New York City Theater
Heavenly stars not just frame the stage but guide the characters in the latest revival of Richard Rodgers and Oscar Hammerstein II’s glorious “Carousel.” There’s even a star-like fixture hanging incongruously over a bench on the “tree-lined path” where Billy Bigelow and Julie Jordan first pledge their love. Add a celestial Starkeeper who oversees the conflicted Billy’s life and a boatload of testosterone-infused dancing, resulting in a meshing of spiritual and physical, mind and matter, love and lust.
As directed by Jack O’Brien and choreographed by the New York City Ballet’s Justin Peck (both doing excellent work), there’s something other-worldly and metaphysical about the show while it is also humanly moving. Starting in heaven, the action moves to a raucous carnival, reflecting the strangely unreal relationship between angelic, patient Julie and devilish Billy who, wondering “what life is all about,” says, “We ain’t important. What are we? A couple of specks of nothing.”
Based on Ferenc Molnar’s play, “Liliom,” this was Rodgers and Hammerstein’s favorite of all their musicals. “Carousel,” which opened in 1945 on the heels of R&H’s first joint smash, the 1943 “Oklahoma,” tells of the ill-fated romance between carousel barker Billy and mill worker Julie. Running 890 performances (impressive but no match for “Oklahoma,” which topped out at 2,212 performances), it’s brooding and tragic, the obverse of its uplifting predecessor.
Measured by artistic success, the “Carousel” score is among the American theater’s finest, from ballads like “If I Loved You” to comic songs like “Mister Snow” to the inspirational “You’ll Never Walk Alone.” And let’s not forget “Soliloquy,” that nearly ten-minute aria that Billy sings about his travails of becoming a father. Coming at the end of the first act, the number sets us up for the bleak events of Act Two.

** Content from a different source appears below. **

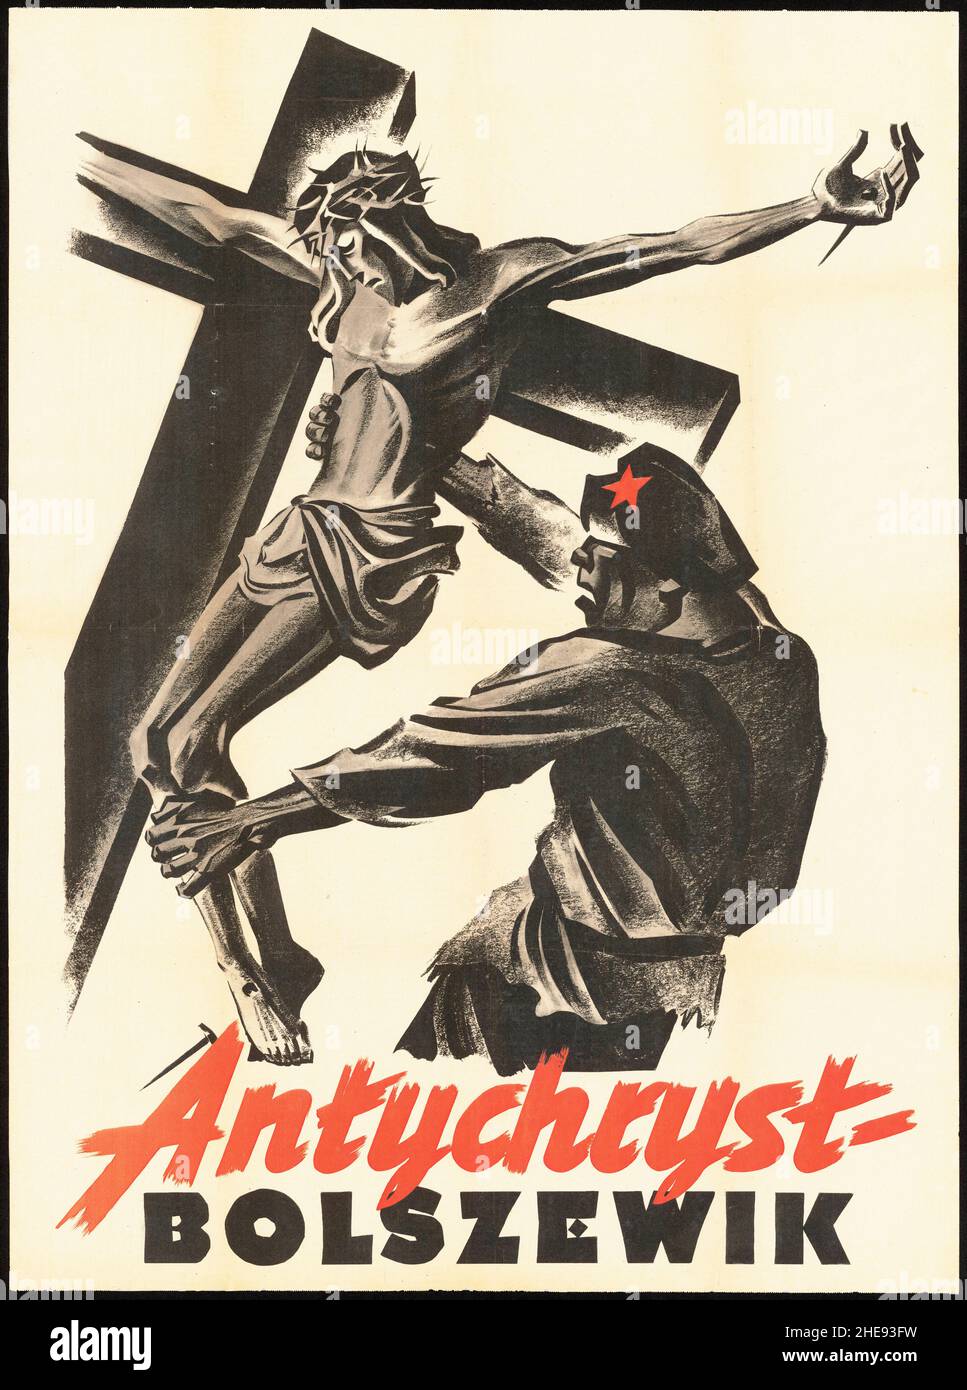 Un poster di propaganda polacca anti-bolscevica che mostra un soldato dell'esercito rosso che abbassa una statua di cristo sulla croce con la didascalia "Anticristo bolscevico" Foto Stock

Musically, the revival is a winner. Jonathan Tunick’s original orchestrations still soar, especially as played by a 25-piece orchestra. Joshua Henry is magnificent as the anti-heroic Billy. Angry, frustrated, he’s both physically venerable and morally confused. His “Soliloquy” is restless with pent-up emotion, his interactions filled with false bravado. As Julie, silver-voiced Jessie Mueller builds a wall of self-protection, her yen for her husband over-riding her sense.
Opera diva Renée Fleming is not the earth mother her Nettie Fowler role calls for, but her singing, especially in “You’ll Never Walk Alone,” is spine-tingling. Lindsay Mendez Is a hoot as Carrie and Alexander Gemignani walks off with his every scene as Mr. Snow. (And his is the only discernible Maine accent.)
Margaret Colin is a hard-shell Mrs. Mullin, while Amar Ramasar excels as a seductive Jigger. His leading a robust ensemble in “Blow High, Blow Low” is a sensational show-stopper.
As inventive as Peck’s choreography is in that number, it falters in the ballet, though danced beautifully by Brittany Pollack and Andrei Chagas. Too beautifully, perhaps, since what comes across is an over-extended pas de deux marred not only by the mid-dance toting on of chairs and tables but a tenuous connection to the story. It’s no match for the ballet in Lincoln Center’s definitive 1994 revival.
While this “Carousel” is not a perfect revival, its virtues are undeniable. Cuts (especially that endless stage-wait card scene) are judicious and the show’s incipient domestic brutality is played down. Under the conducting by Andy Einhorn and Scott Lehrer’s sound design, the show’s musical pleasures are paramount. If this is not a “Carousel” for all time, it is certainly a reminder not only of the glories of musical theater in its heyday but what we’re too often missing now.